**Provided material**.

# # # # # # #

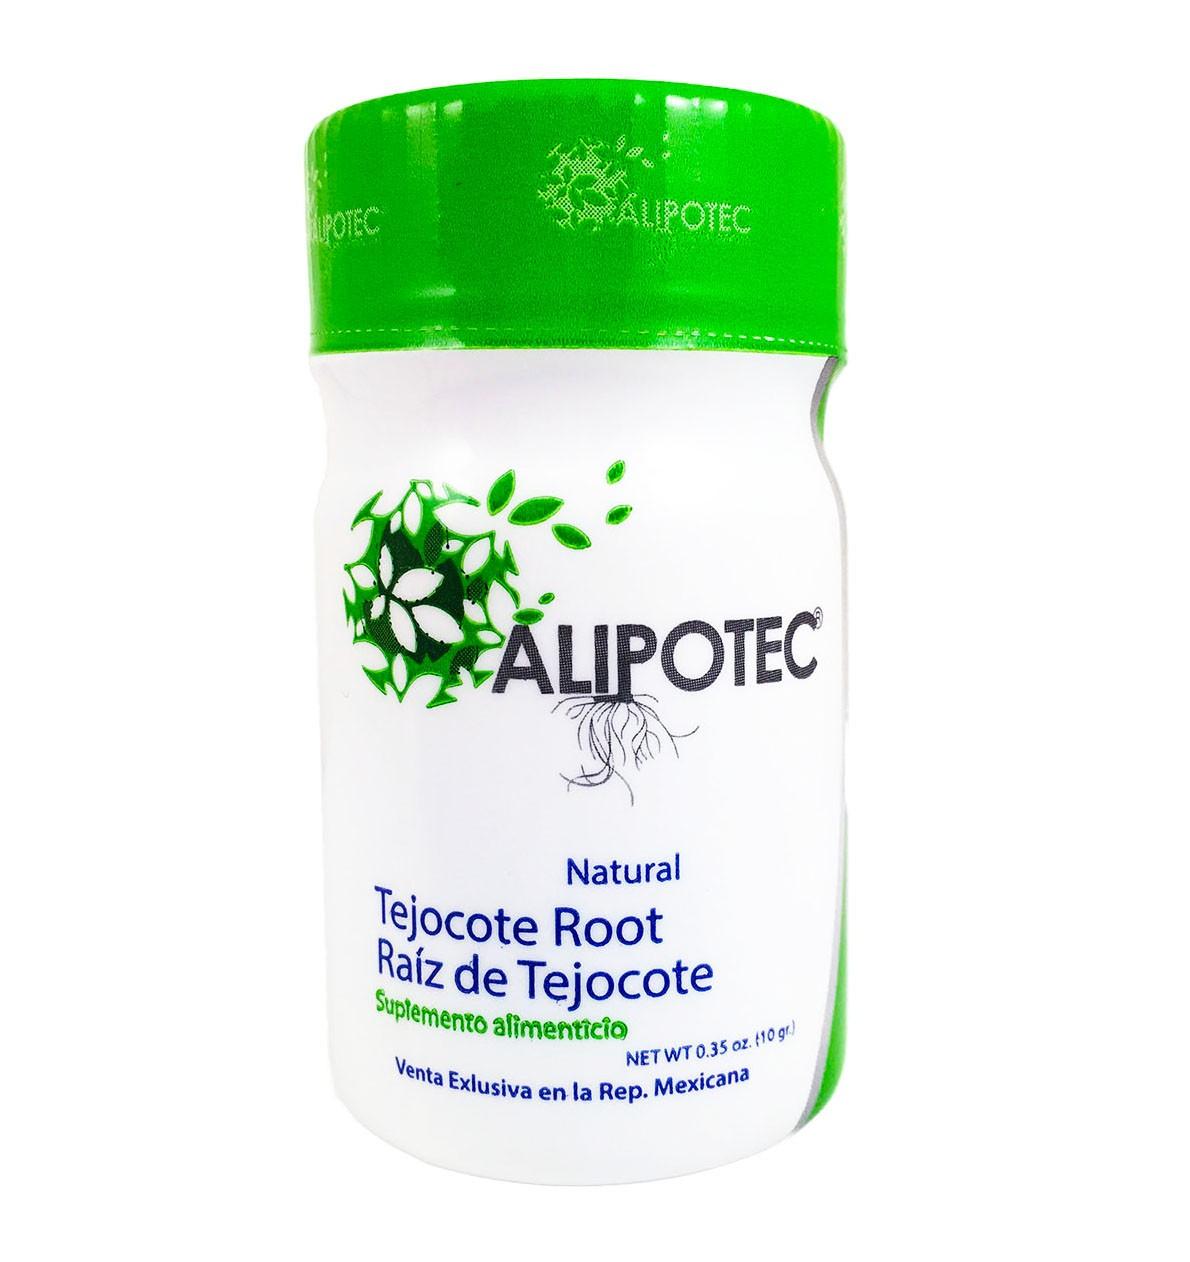 Alipotec Raiz de Tejocote Root in USA - 90 Day Supply as ...
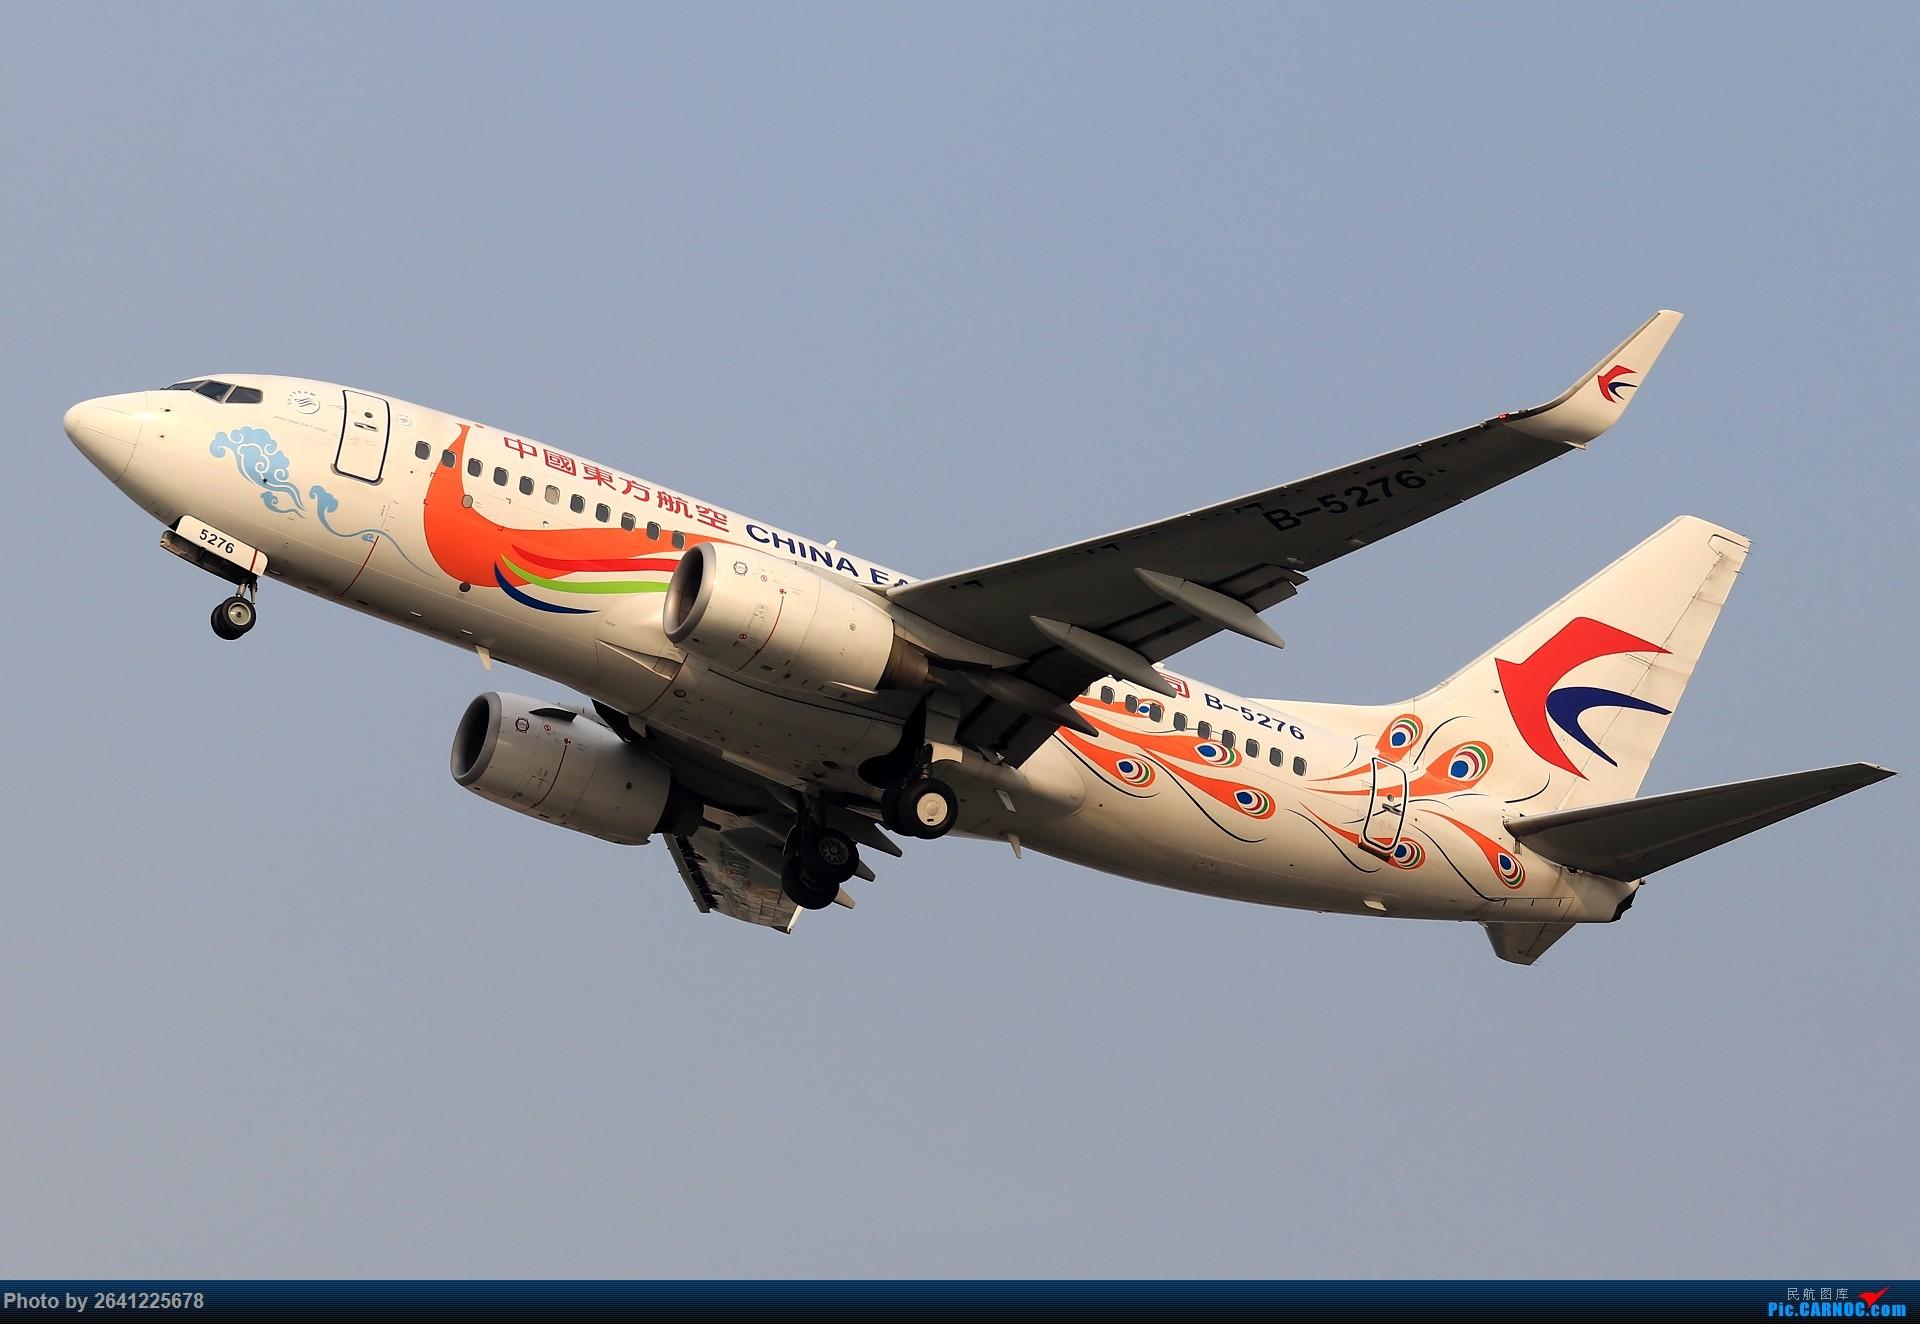 Re:[原创]【TAMRON 156 G2+77D 持续更新中】*****试新机+新镜*****(烂天+地热+渣技术,望大佬多多包涵) BOEING 737-700 B-5276 中国北京首都国际机场
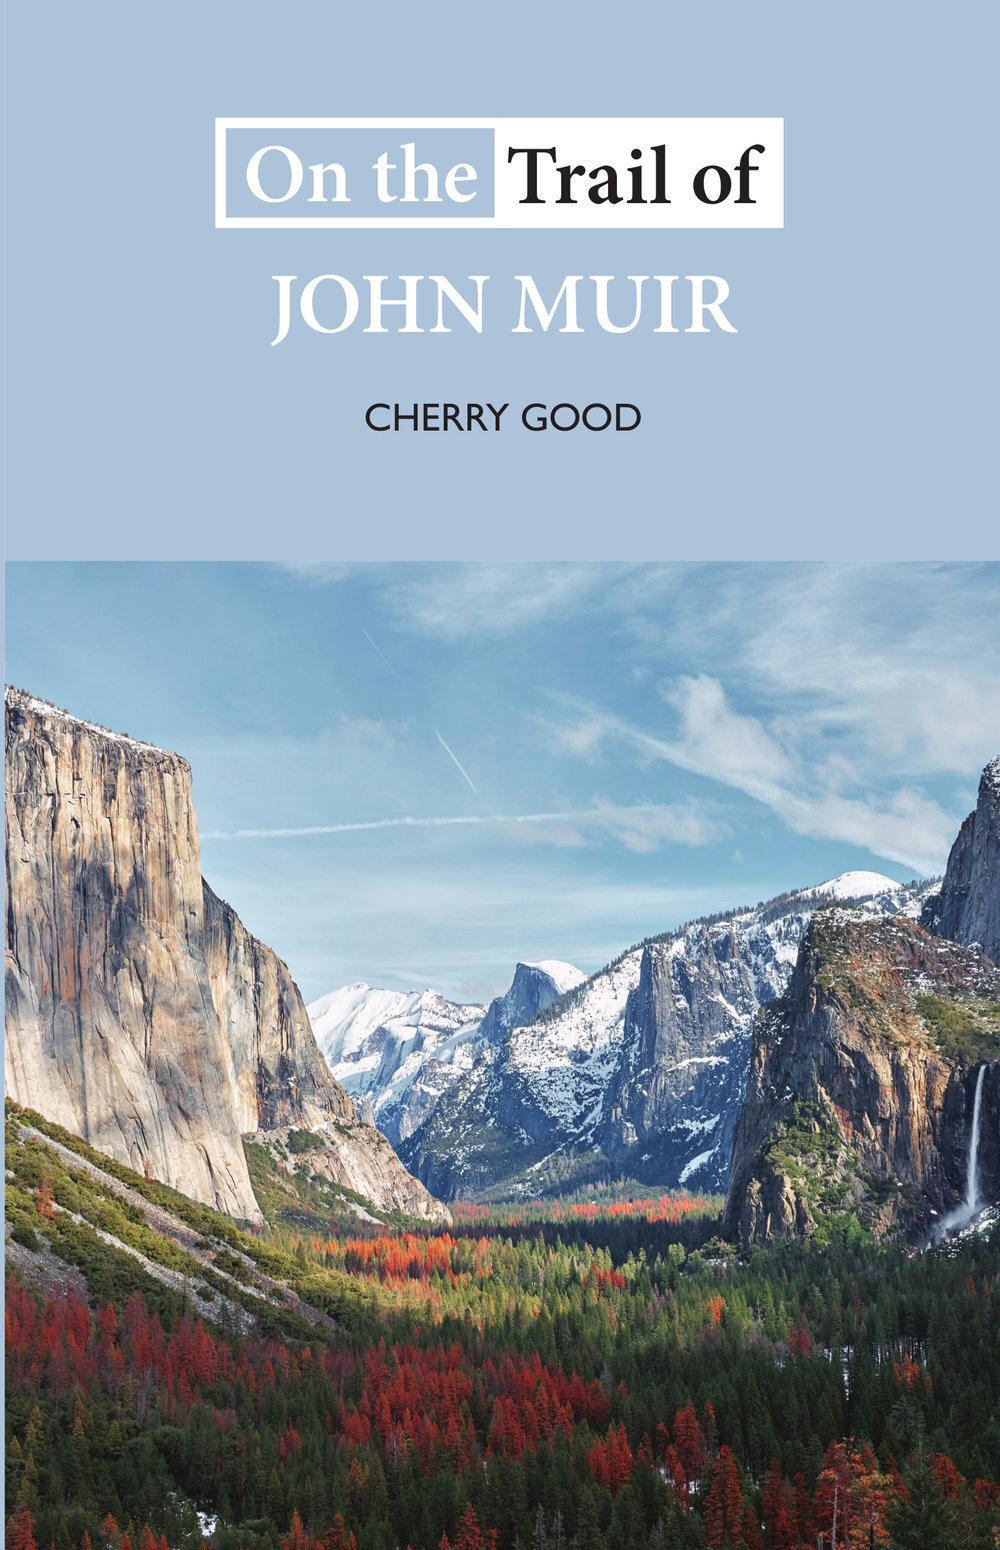 On+the+Trail+of+John+Muir+Cherry+Good+9781913025106+Luath+Press.jpg

# # # # # # #

**Problem requirements**. Leave out the pictures, and write out exactly the lines from the one containing "Re:[原创]【TAMRON 156 G2+77D" through the last line of the listing, both included.

**Answer space**.
 Re:[原创]【TAMRON 156 G2+77D 持续更新中】*****试新机+新镜*****(烂天+地热+渣技术,望大佬多多包涵) BOEING 737-700 B-5276 中国北京首都国际机场
 On+the+Trail+of+John+Muir+Cherry+Good+9781913025106+Luath+Press.jpg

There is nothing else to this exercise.